> _THE TASK_: Copy every line that holds the string "Omaha" from the data below.

> _DATA SEGMENT_:
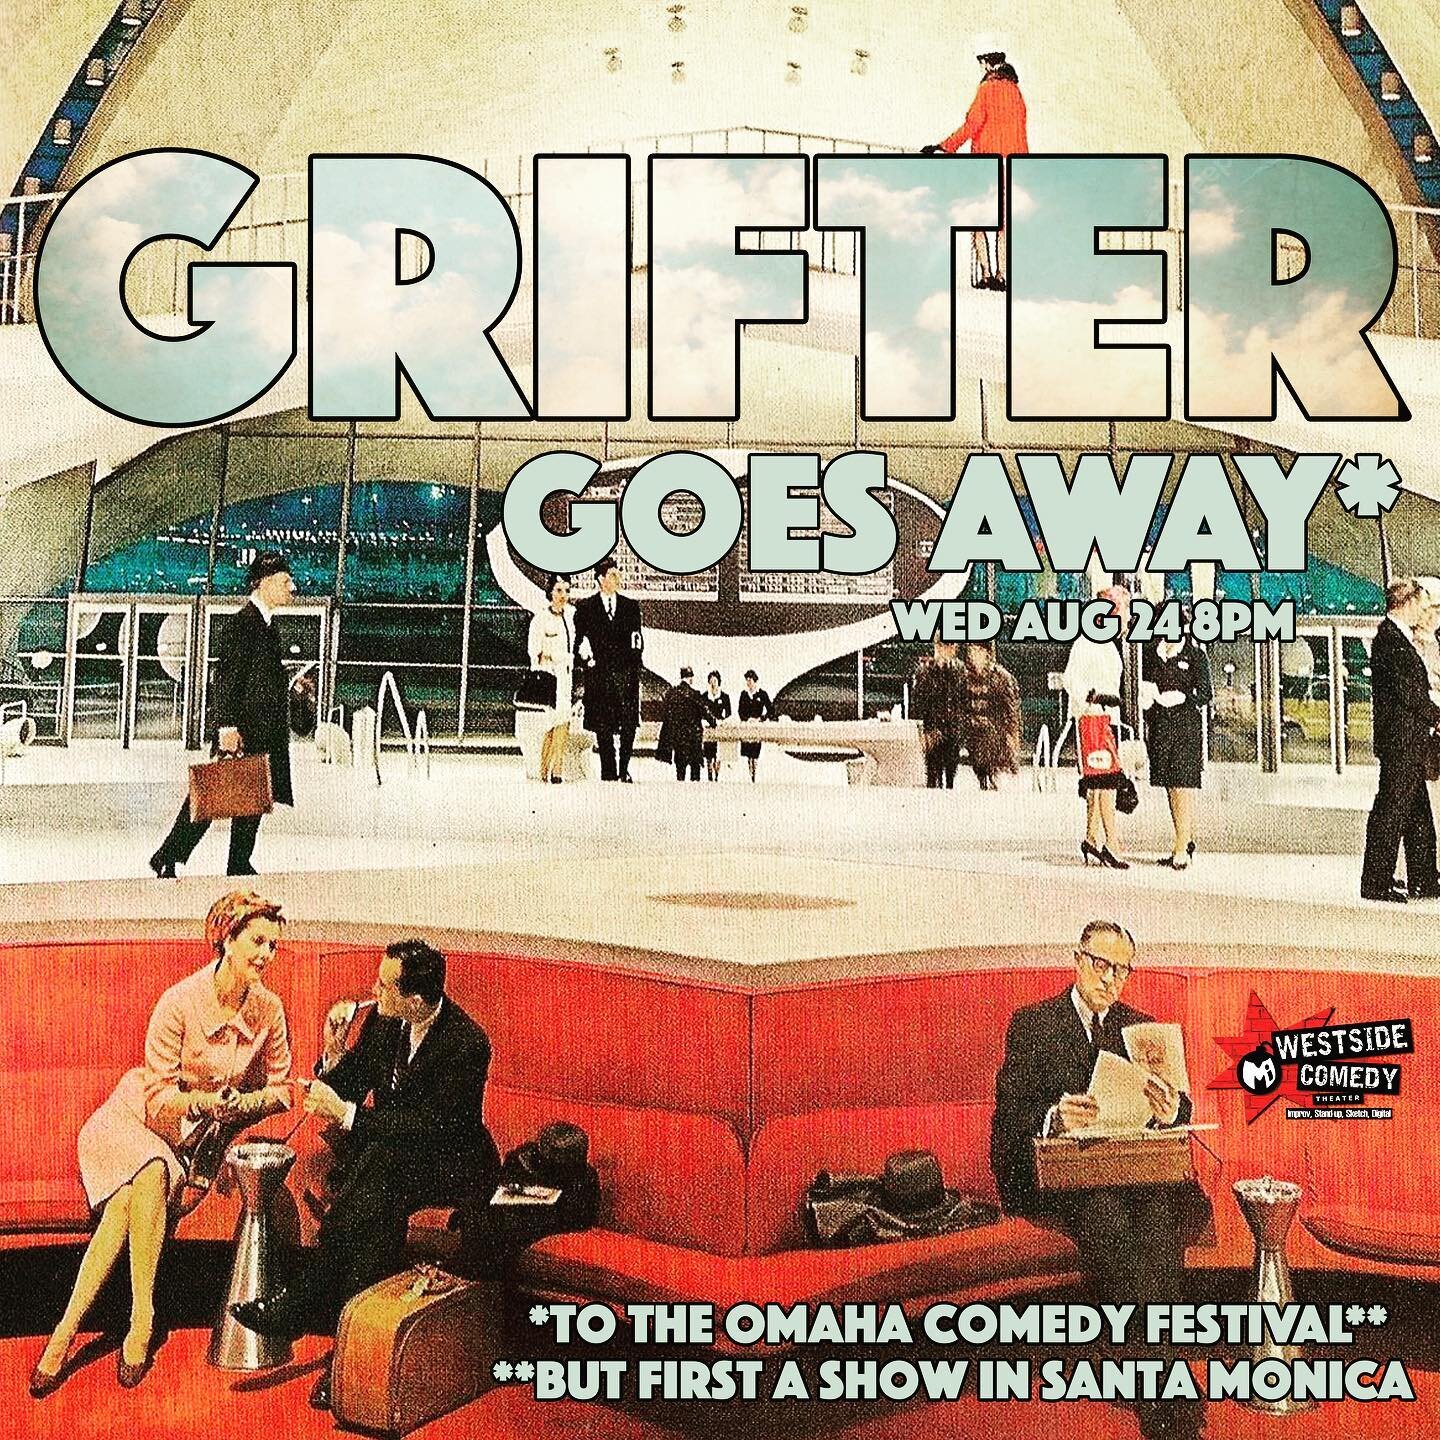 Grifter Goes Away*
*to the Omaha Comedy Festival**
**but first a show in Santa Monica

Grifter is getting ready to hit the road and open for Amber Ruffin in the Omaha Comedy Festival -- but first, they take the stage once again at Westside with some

> _SOLUTION BELOW_:
*to the Omaha Comedy Festival**
Grifter is getting ready to hit the road and open for Amber Ruffin in the Omaha Comedy Festival -- but first, they take the stage once again at Westside with some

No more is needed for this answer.